Time For The Family To Say No!

In his intervention around the recent Tory party conference Jacob Rees-Mogg observed that “…the ever-mighty State wants control – and the easiest way to get this is by not supporting the Family. That way it creates more dependence and therefore a greater ability to interfere in people’s lives.”

For libertarians the growing encroachment on civil liberties, family autonomy and the encouraging of family breakdown through perverse welfare and tax policies, is a grave concern. However I take a slightly different stance to Rees-Mogg, rather than calling for more State support I simply demand the State cease meddling in private family life.
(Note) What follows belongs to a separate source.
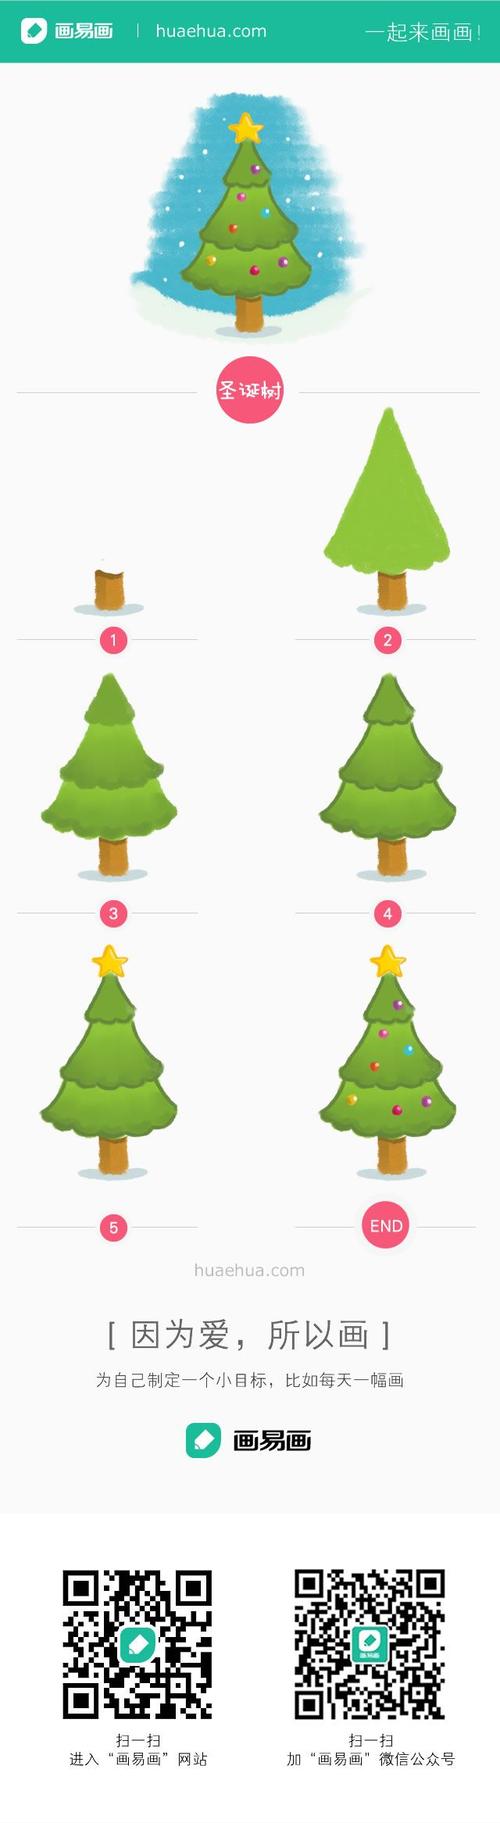 圣诞树简易画法 圣诞树简单怎么画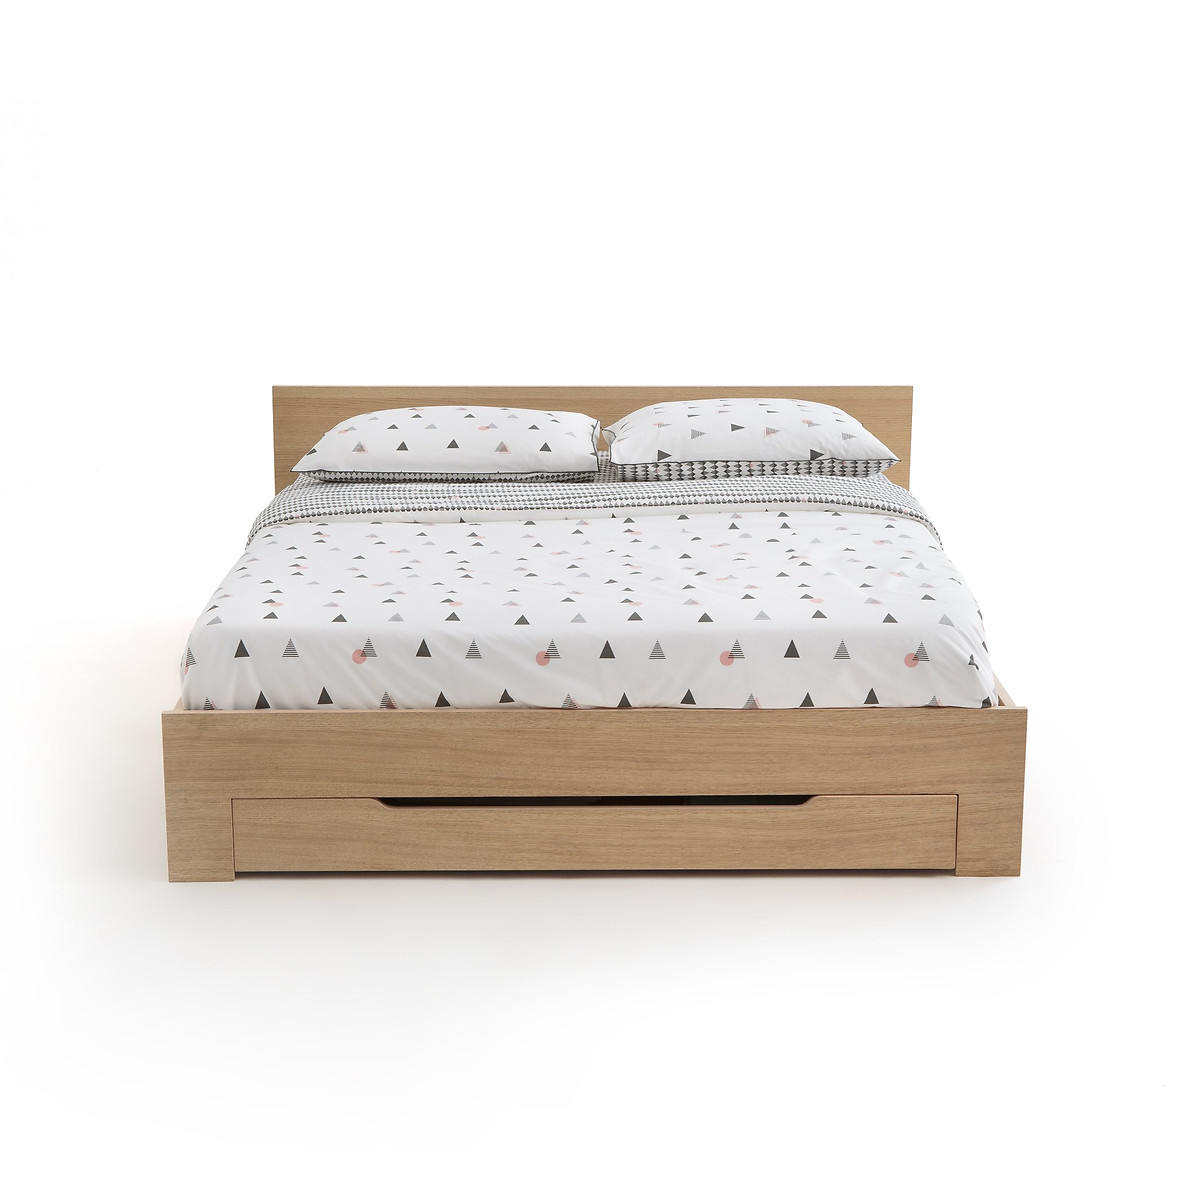 Кровать La Redoute С каркасом для матраса и выдвижным ящиком CRAWLEY 160 x 200 см каштановый, размер 160 x 200 см - фото 4

When the state interferes and challenges parent’s moral and formal authority, many parents are losing confidence in their status within the family. This lack of confidence is something the state makes no hesitation about exploiting to undermine both the moral and formal authority of the parent, but also family autonomy and independence from the state.

Eroding Family Autonomy

Recent years have seen family after family be awarded fines, or taken to court, over the parental decision to take their family on a holiday during term time. We are not talking repeat truants here. Nor are we talking feckless and neglectful parents who don’t care whether their kids get an education or not. We are talking about ordinary, reasonable, parents like you or me.

Without a mandate from the voter our government decided that parents should no longer be allowed to make certain decisions for their families. The State unilaterally imposed an expectation on schools that had the effect of manipulating school leaders into doing the government’s dirty work – to challenge and undermine parental authority and family autonomy.

Under the guise of ‘improving standards’, but without a shred of evidence to back it up, the state implies poor parenting of those who dare to act as families always have – which is to make decisions about their children’s upbringing without asking the state or school for permission or approval.

That the government dares to reach into our family life in this way is an outrage. We ought to be making far more noise than we are. I think we’re either gobsmacked or just getting used to how things are. Stockholm syndrome perhaps is setting in. But of course this is the sleight-of-hand, the misdirection of the State’s modus operandi. Because most parents are reasonable people, they tend to approach the world, and other people, with the expectation that those others will be reasonable in return. It takes a while – sometimes a confusing while – for some to finally accept that the State is not being reasonable, and has no intention of ever being reasonable.

Making Your Voice Heard

By picking on families one at a time eventually they will wear families down. We have to get back to first principles that the family, not the state, is the fundamental unit of society. We have to claim back family autonomy. We have to feel, behave and respond as though every single family dragged to court was ourselves being dragged to court, because an attack on their freedom is an attack on our freedom. So we need to protest, to the DfE and to our Members of Parliament here and in the EU (until Brexit).

This is only one infringement of our rights. If the state continues to get away with this attack on family autonomy the next steps will be more insidious, like assigning each child a social worker from birth (Scotland style) because the state does not trust you to be a good parent, or having children monitor parents politically incorrect views (Michelle Obama style).

Ultimately this is not about holidays, this is about state infringement of private family life. This is a test of how abject and subjugated we are willing to be. A test of how little we value family autonomy from state interference.

We must not let it pass with our silence, just as a victim starting out in an abusive relationship cannot let the first ‘playful’ slap pass. It will lead to other abuses and more government interference. We must make our views known to those in authority to do something about it.

We must stop believing that what the State is imposing is in any sense reasonable. When it all boils down it is nothing to do with staggering holidays around the year, or education, it is nothing to do with spending quality time, or even expanding our child’s experiences – these are all our attempts at treating the government as though it will behave reasonably. It will not. So we need to get to the core of the principle that is at stake. At the core of this whole issue is one simple principle – autonomy of the family. That means parents decide what is good for their family within reasonable limits, not the state. They work for us, not the other way around.